Welcome back to the slow-motion train wreck that is our Terminator team.
When we last left you, the cargo train had jack-knifed somewhere in its middle, and some of the cars were dangling precariously off the edge of the bridge high above the canyon, but there was hope that damage could be mitigated and perhaps much of the train could be saved. However, I regret to inform you that not only did those cars plunge to the depths of the valley below, but they pulled much of the rest of the train down with them.
Despite finally getting RB1 performances from both Tevin Coleman and Duke Johnson, we finished last in points in Week 9 because neither of our remaining quarterbacks – Jameis Winston and Ryan Tannehill – played, and both Stefon Diggs and Allen Robinson sat out with injuries.
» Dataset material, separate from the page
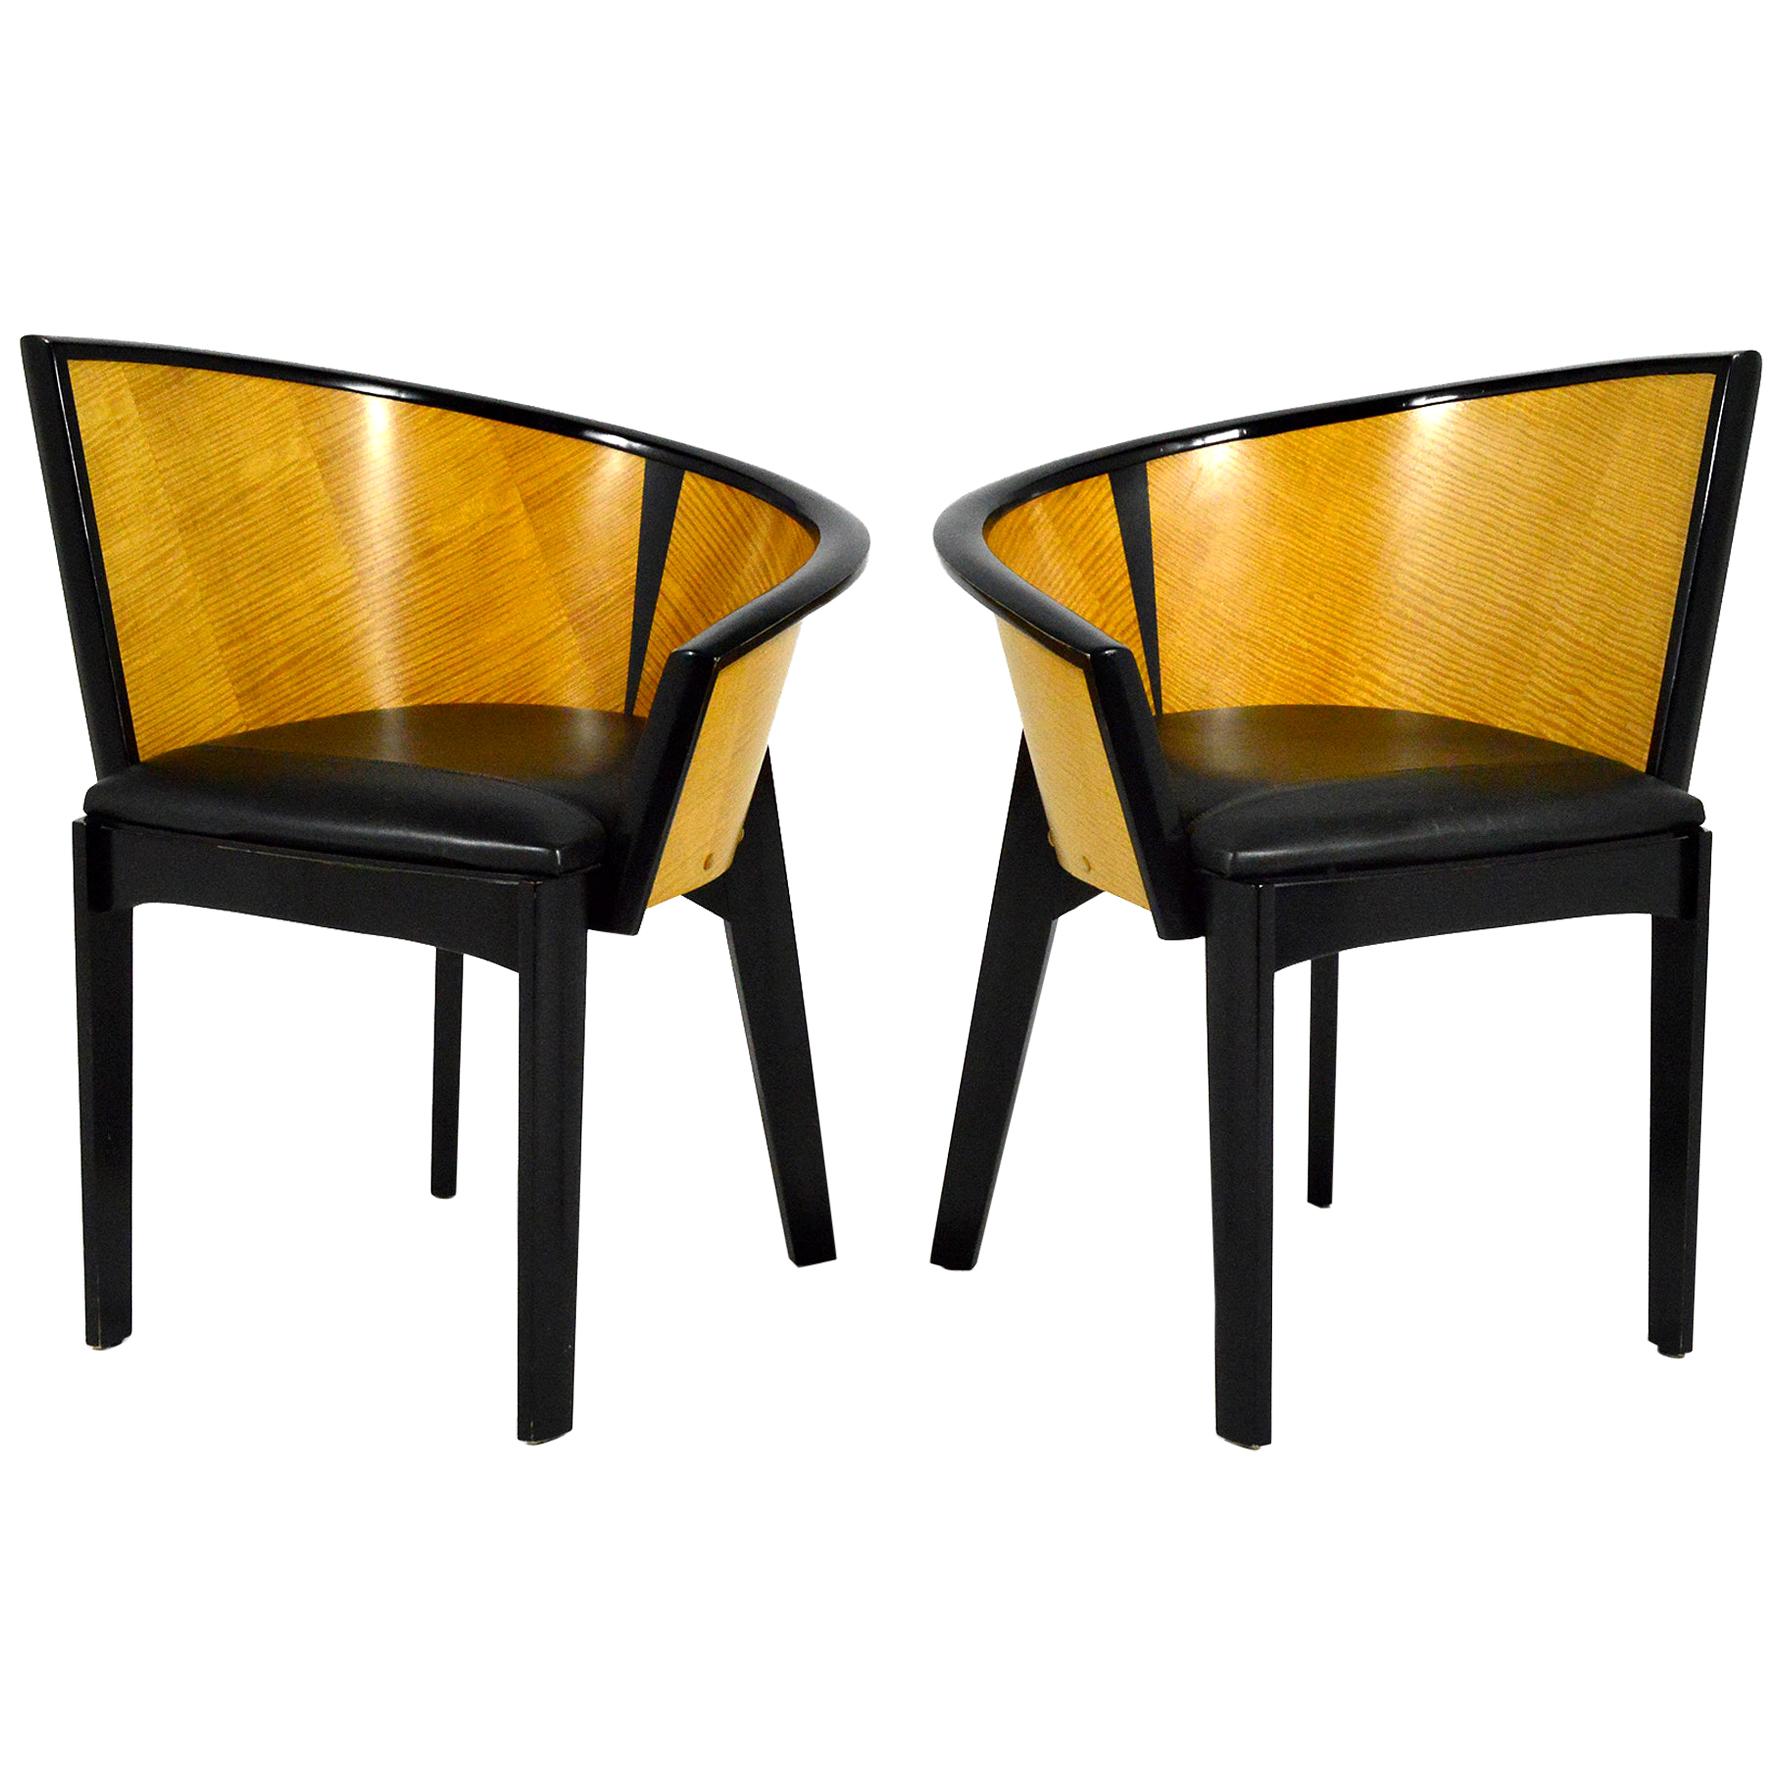 Paul Haigh Sinistra Chairs by Bernhardt For Sale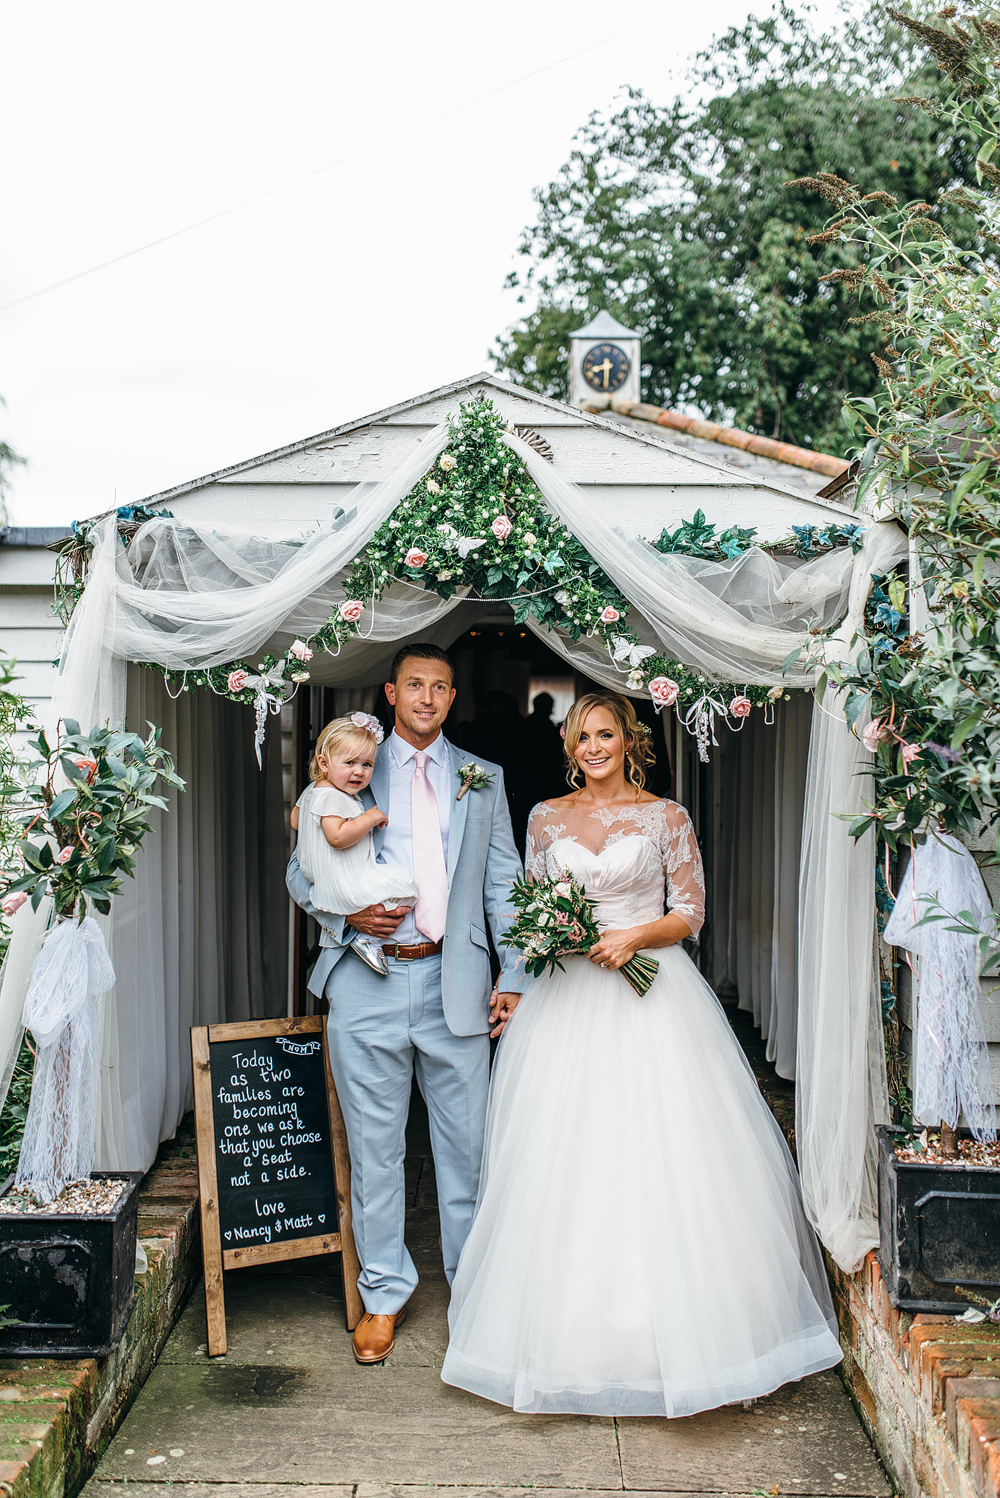 Bride and groom with child standing under canopy

However, with Zach Ertz and Evan Engram both on bye, our replacement tight end, Blake Jarwin, recorded his career high in fantasy points, just like we knew he would when we drafted him.1
Amazingly, another team – the third one this year – failed to eliminate a player by the Sunday deadline and was disqualified from the contest. This team had been in third place and had the week’s best performers at their positions in Alvin Kamara and Michael Thomas, plus solid games from Cooper Kupp, Juju Smith-Schuster and Jordan Howard. And even though this team posted zero points in Week 9, it’s still ahead of our squad, which remained in eighth place.
I actually would have considered giving that guy his $350 entry fee back just to take over his team.2
Of course, as I’ve mentioned before, we started off in the hole by drafting Le’Veon Bell with the third overall pick. One guy has changed the name of two of his Terminator teams to variations of Le’Veon Owes Me $350, which I wholeheartedly endorse.
But you, Blake Jarwin, you don’t owe us anything, except a trip to the depths of the waiver wire, because you’ve been terminated. Hasta la vista, Blakey.